Rooney and Vardy came into the spotlight in the 2000s and 2010s as ‘Wags’ – a term now less used due to its sexual connotations – for former England football captain Wayne Rooney and Leicester City’s Jamie Vardy, respectively.

But the couple, who were friends, rose to personal infamy after public fallout.

Ronnie, who suspected someone had leaked stories from her private Instagram account to the press, began a “sting” in 2019.

She posted a slew of fake stories—including about traveling to Mexico to make a “sex pick” and flooding her basement—and gradually clamped down on her followers to see if the stories would still appear in the press.

In the end, when only one follower remained and stories kept leaking, Ronnie turned to social media to post the conclusions of her findings: “It’s……….. Rebecca Vardy’s account.”

Vardy, who denied the charges, then filed a defamation case against Rooney, saying her reputation had been damaged.

Rooney maintained that her actions were justified in the interest of truth and the public interest.

What happened in court?

The case moved into a seven-day trial in May, with Rooney, 36, and Vardy, 40, standing up to share their accounts.

In an emotionally charged hearing, Rooney’s defense provided evidence of Vardy’s apparent disregard for the privacy of others, including her Selling a “Kiss and Tell” Story After one night with fellow celebrity Peter Andre.

Vardy eventually admitted that she had previously tried to leak one story about soccer player Danny Drinkwater, in which she texted her agent, Watt, to say, “I want to pay for it.”

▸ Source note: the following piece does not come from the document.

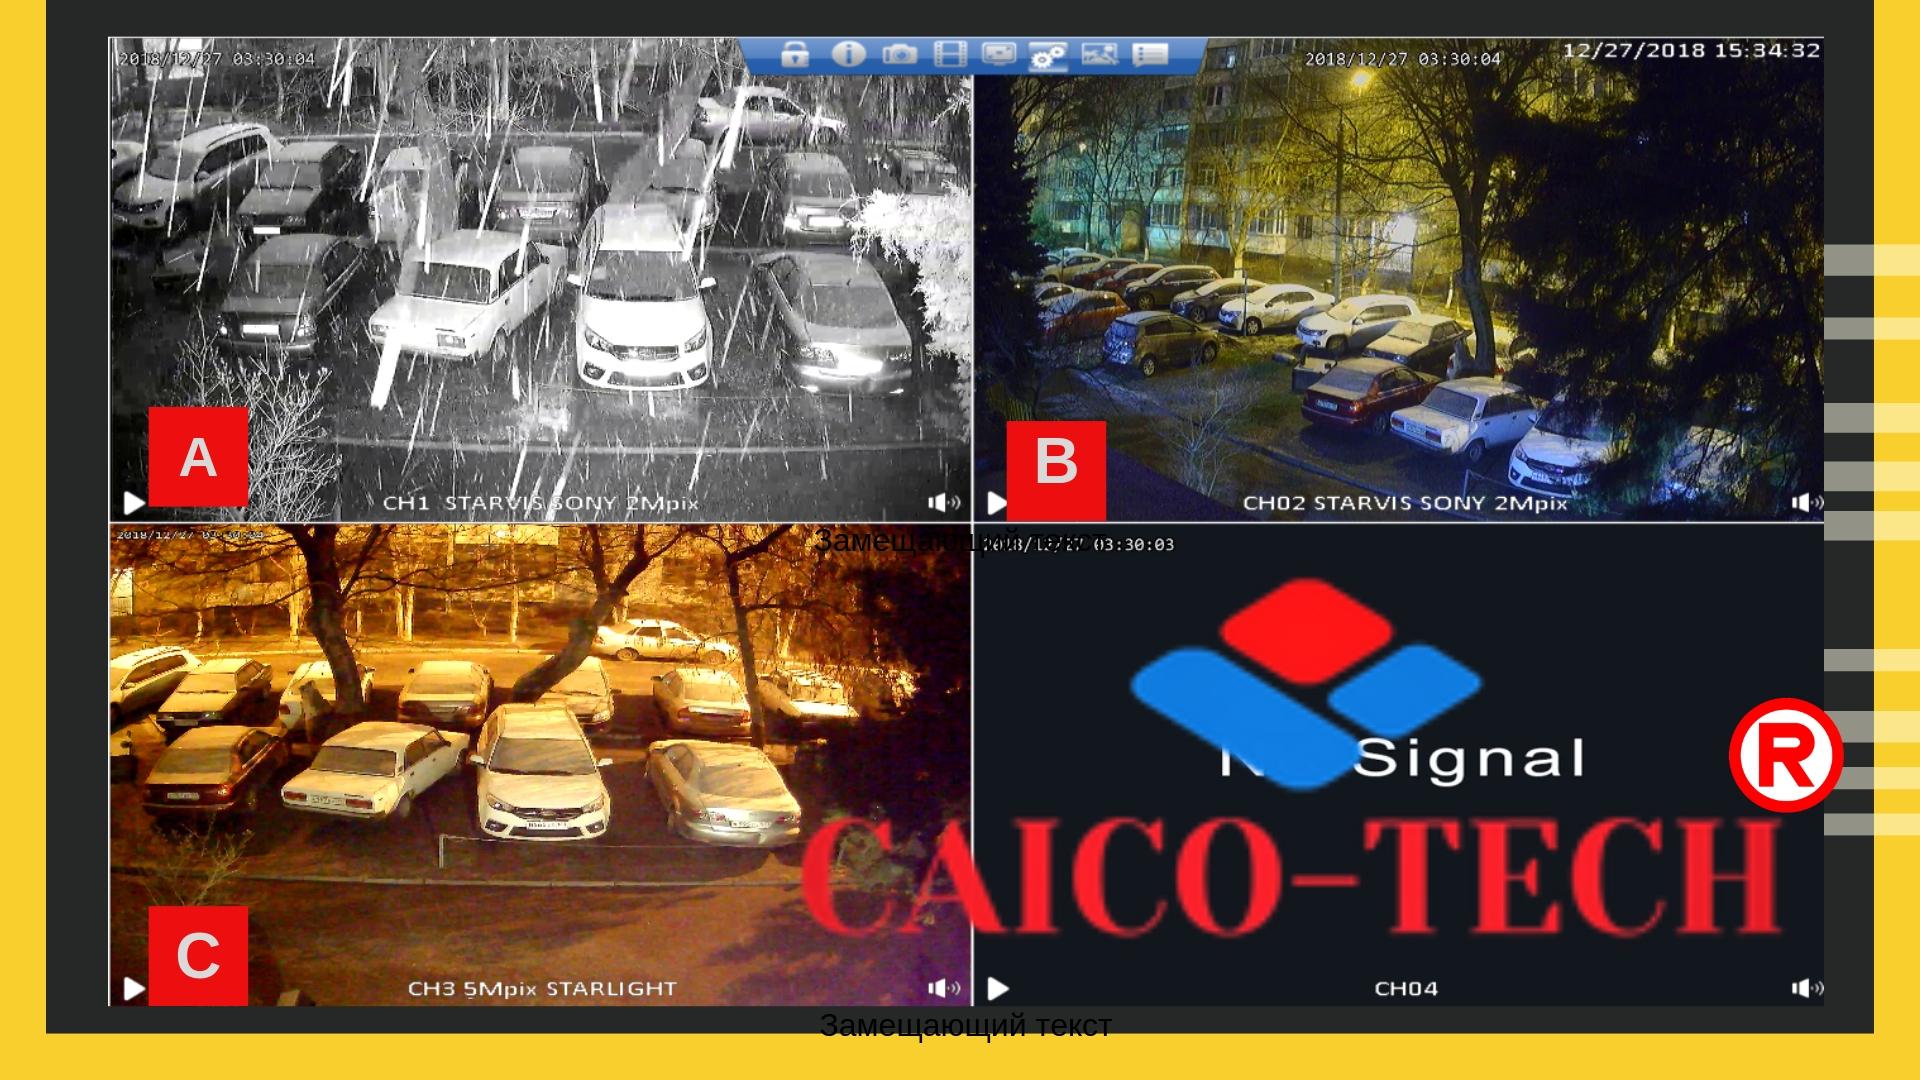 видеонаблюдение за авто парковкой во дворе дома CAIXO TECC CCTV

She also appeared to accept that Watt had leaked information from Rooney’s private Instagram account to a newspaper, but denied that it was “new” information.

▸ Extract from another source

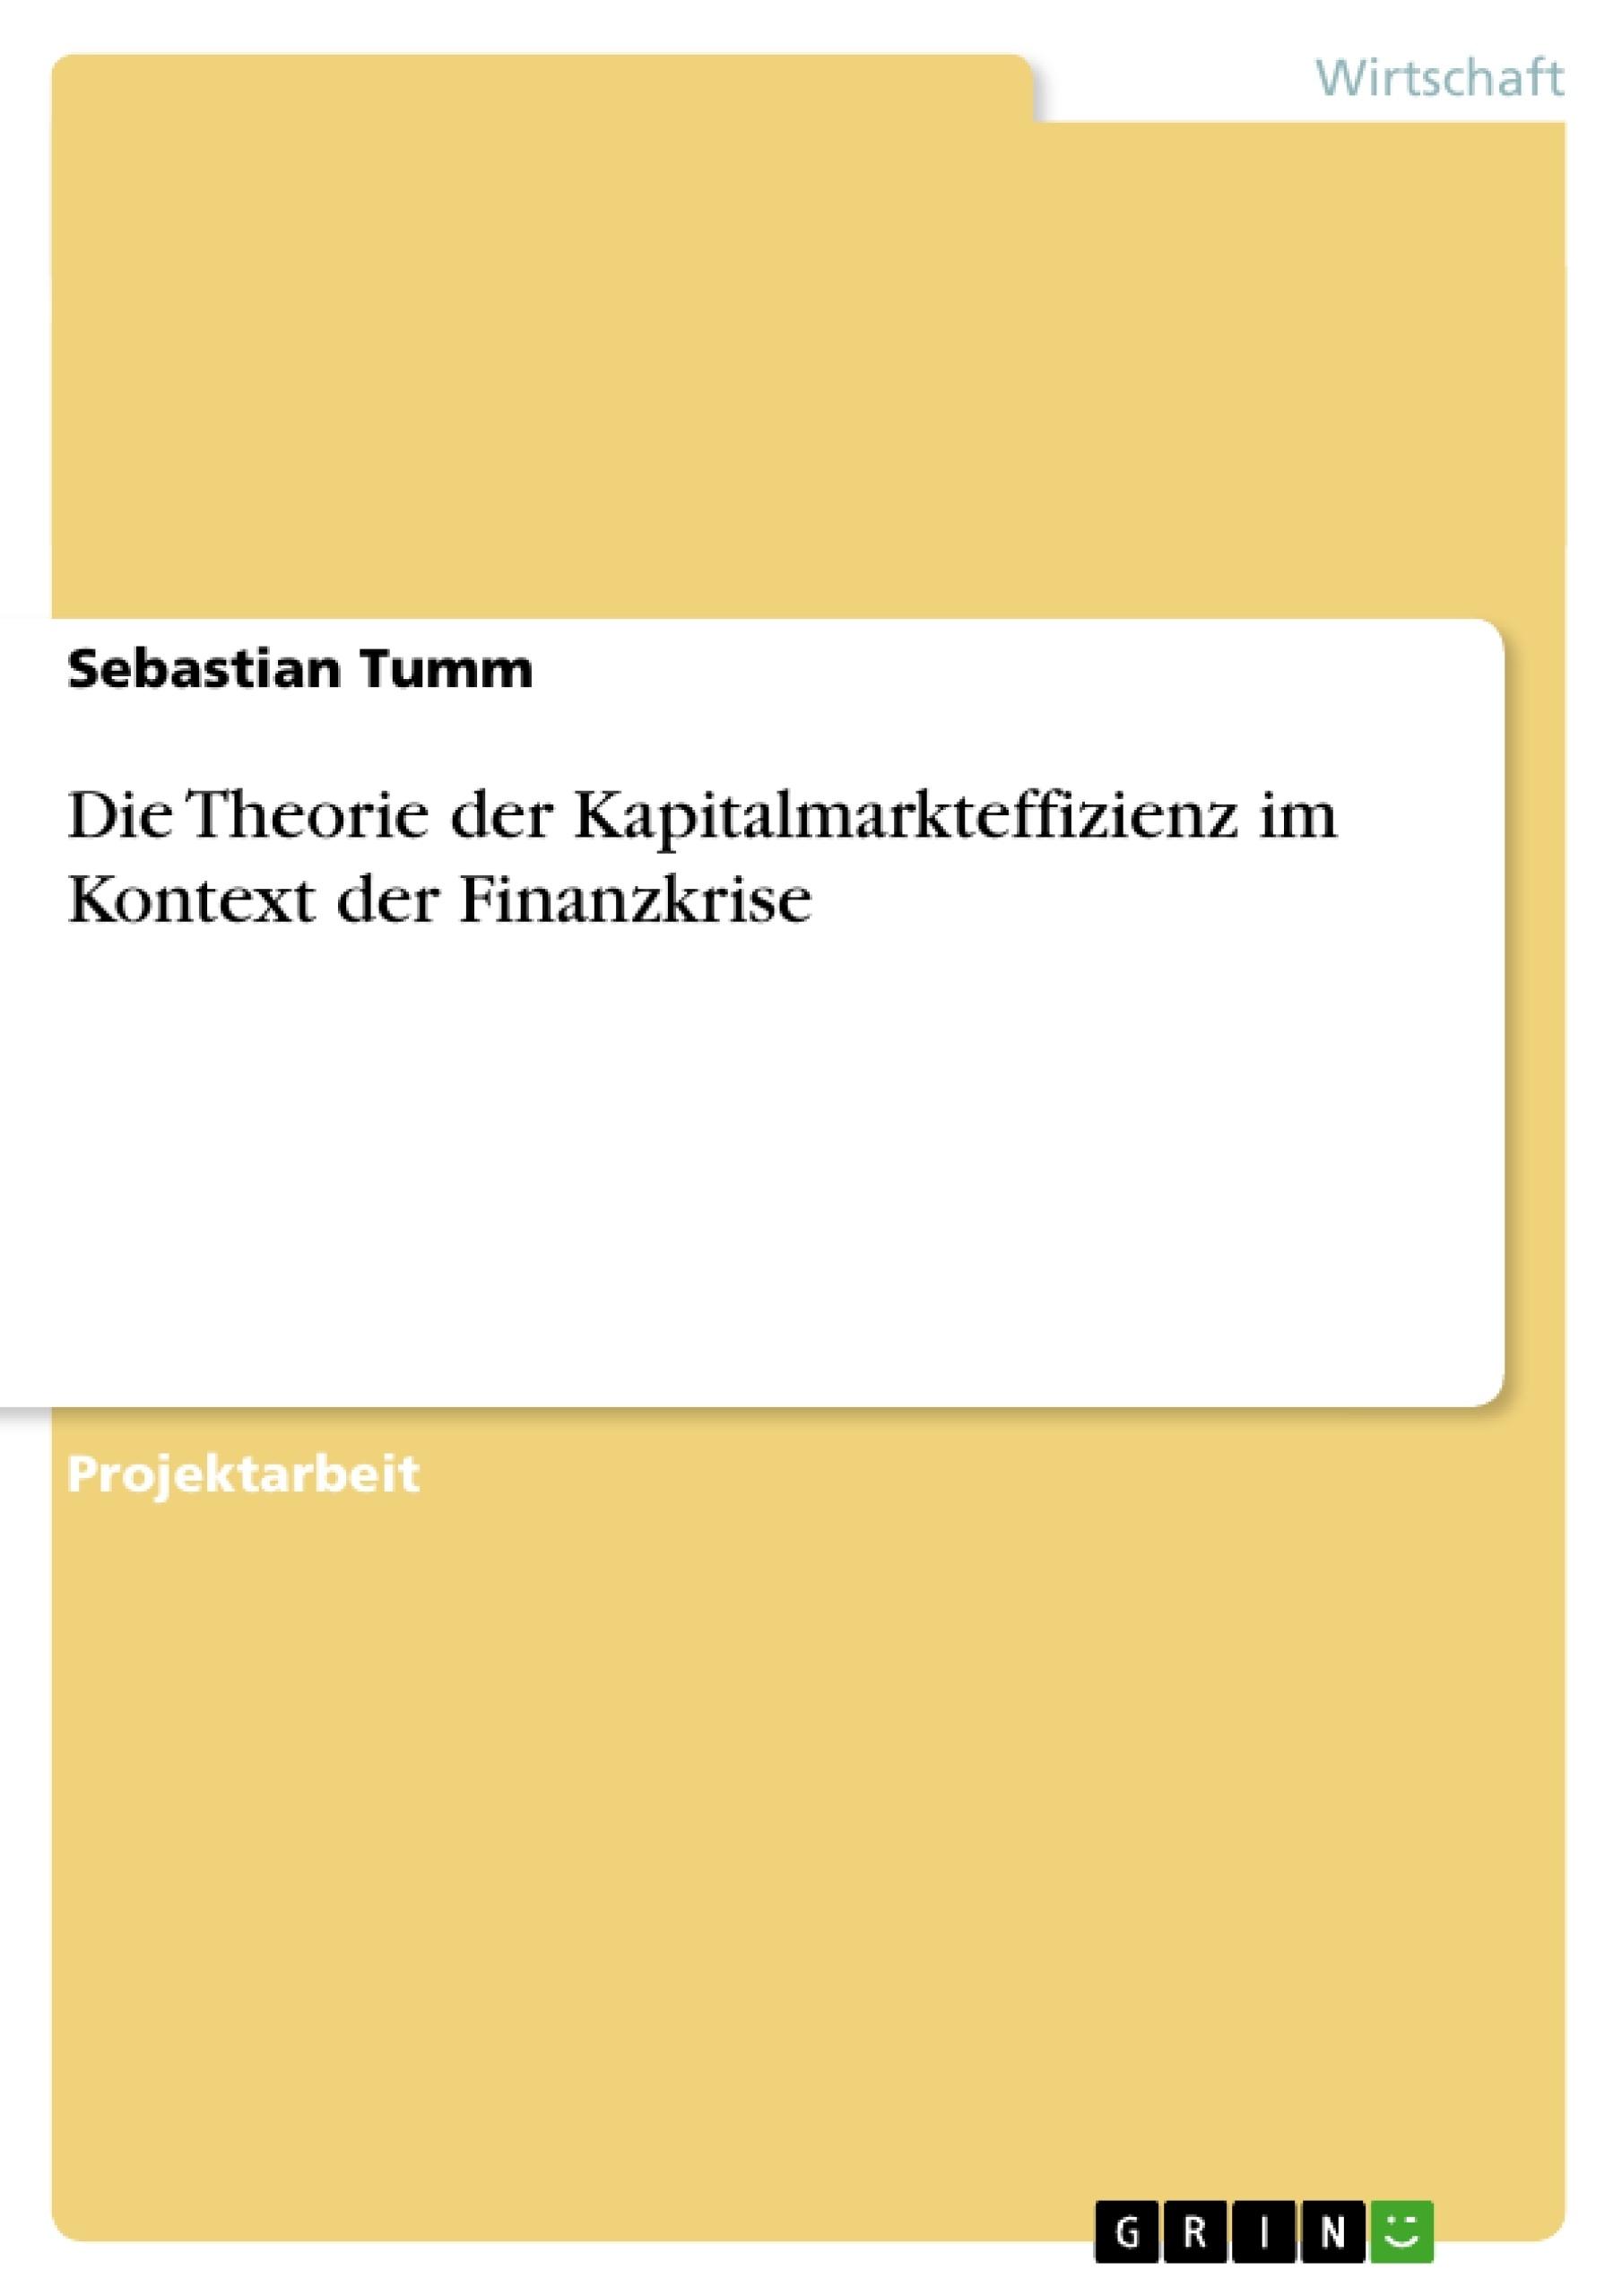 Titel: Die Theorie der Kapitalmarkteffizienz  im Kontext der Finanzkrise

Watt was deemed unfit to testify during the case. Sun reporters did not provide evidence, either.

Expensive epic

Judge Stein said in her ruling on Friday that Vardy had suffered “a degree of self-deception” to the point of her involvement in the leaks to The Sun, adding that there had been “numerous occasions” when Vardy’s evidence was “manifestly inconsistent”.

She also noted that while Vardy may have felt “genuinely offended by the accusation made by Mrs. Rooney in the disclosure leaflet” the accusations of defamation – a type of written defamation – were not substantiated.

On Friday, Rooney said she felt the verdict had acquitted her.

“Of course, I am pleased that the judge found in my favor her ruling today,” she said, according to a statement issued to the Palestinian News Agency.

However, she noted, the trial was a huge expense at a time when many people across the country are facing a worsening cost of living crisis.

“It was not an issue that I sought or wanted at all,” she said. “I never believed he should have gone to court like this in difficult times for so many people, when it would have been so much better to spend money to help others.”

Vardy’s loss means that she will not receive any compensation, but Ronnie is entitled to claim the costs.

However, any compensation Rooney receives is likely to be negligible for the cost of the case, with legal experts indicating that each woman will now face legal bills of more than 1 million pounds ($1.2 million).

Vardy said she was “deeply saddened and disappointed by the judge’s decision”.

“This is not the outcome I was expecting and I don’t think it was fair,” she said in a statement. “I have filed this action to defend my reputation and am shocked by the judge’s outcome.”